Он постоял – и на носках пробрался к себе. В общем – французские чувства. Фома Мур. Спать, спать – тяжесть весны совершенно бездарна. Взять себя в руки: монашеский каламбур. Что дальше? Чего мы, собственно, ждем? Все равно, лучшей жены не найду. Но нужна ли мне жена вообще? «Убери лиру, мне негде повернуться…» Нет, она этого никогда не скажет, – в том то и штука.
А через несколько дней, просто и даже глуповато, наметилось разрешение задачи, казавшейся столь сложной, что невольно спрашивалось: нет ли в ее построении ошибки? Борис Иванович, у которого за последние годы дела шли все хуже, весьма неожиданно получил от берлинской фирмы солиднейшее представительство в Копенгагене. Через два месяца, к первому июля, надо было переселяться туда, по крайней мере на год, а может быть и навсегда, если дело пойдет успешно. Марианне Николаевне, почему-то любившей Берлин (насиженное место, прекрасные санитарные условия, – сама-то она была грязнющая), уезжать было грустно, но когда она думала об усовершенствованиях быта, ожидавших ее, грусть рассеивалась. Таким образом было решено, что с июля Зина останется одна в Берлине, продолжая служить у Траума, покамест Щеголев «не подыщет ей службы» в Копенгагене, куда она и приедет «по первому вызову» (т.е. это Щеголевы так думали, – Зина решила совсем, совсем иначе). Оставалось урегулировать вопрос квартиры. Продавать ее Щеголевым не хотелось, так что они стали искать, кому бы ее сдать. Нашли. Какой-то молодой немец с большим коммерческим будущим, в сопровождении невесты, – простоватой, ненакрашенной, хозяйственно-коренастой девицы в зеленом пальто, осмотрел квартиру – столовую, спальни, кухню, Федора Константиновича в постели, – и остался доволен. Однако, квартиру он брал только с первого августа, так что еще в течение месяца после отъезда Щеголевых Зина и жилец могли в ней оставаться. Они считали дни: полсотни, сорок девять, тридцать, двадцать пять, – каждая из этих цифр имела свое лицо: улей, сорока на дереве, силуэт рыцаря, молодой человек. Их вечерние встречи вышли из берегов первоначальной улицы (фонарь, липа, забор) еще весной, а теперь расширяющимися кругами беспокойное блуждание уводило их в далекие и никогда не повторявшиеся углы города. То это был мост над каналом, то трельяжный боскет в парке, за которым пробегали огни, то немощеная улица вдоль туманных пустынь, где стояли темные фургоны, то какие-то странные аркады, которых днем было не отыскать. Изменения навыков перед миграцией, волнение, томная боль в плечах.

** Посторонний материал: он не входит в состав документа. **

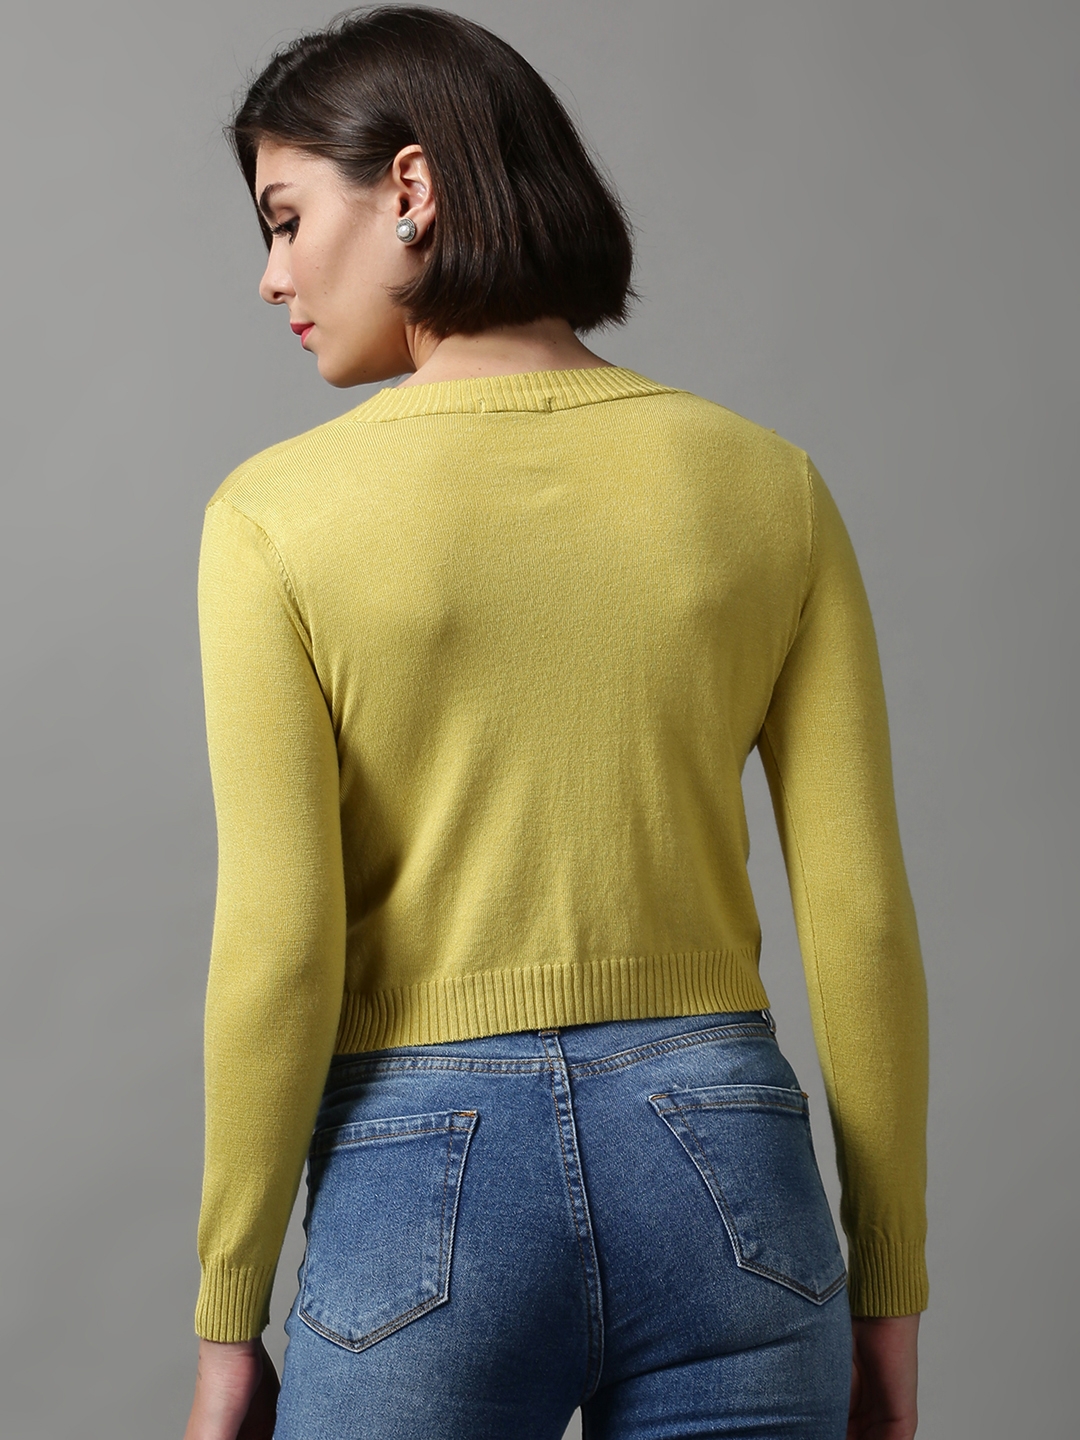 Women's Green Wool Solid Sweaters

Газеты определили молодое еще лето как исключительно жаркое, и, действительно, – это было длинное многоточие прекрасных дней, прерываемое изредка междометием грозы. В то время, как Зина изнемогала от зловонной жары в конторе (пропотевший под мышками пиджак Хамеке один чего стоил… а топленые шеи машинисток… а липкая чернота угольной бумаги!), Федор Константинович с раннего утра уходил на весь день в Груневальд, забросив уроки и стараясь не думать о давно просроченном платеже за комнату. Никогда прежде он не вставал в семь утра, это бы казалось чудовищным, – но теперь при новом свете жизни (в котором как-то смешались возмужание дара, предчувствие новых трудов и близость полного счастья с Зиной) он испытывал прямое наслаждение от быстроты и легкости этих ранних вставаний, от вспышки движения, от идеальной простоты трехсекундного одевания: рубашка, штаны и тапки на босу ногу, – после чего он забирал под мышку плед, свернув в него купальные трусики, совал в карман на ходу апельсин, бутерброд, и вот уже сбегал по лестнице.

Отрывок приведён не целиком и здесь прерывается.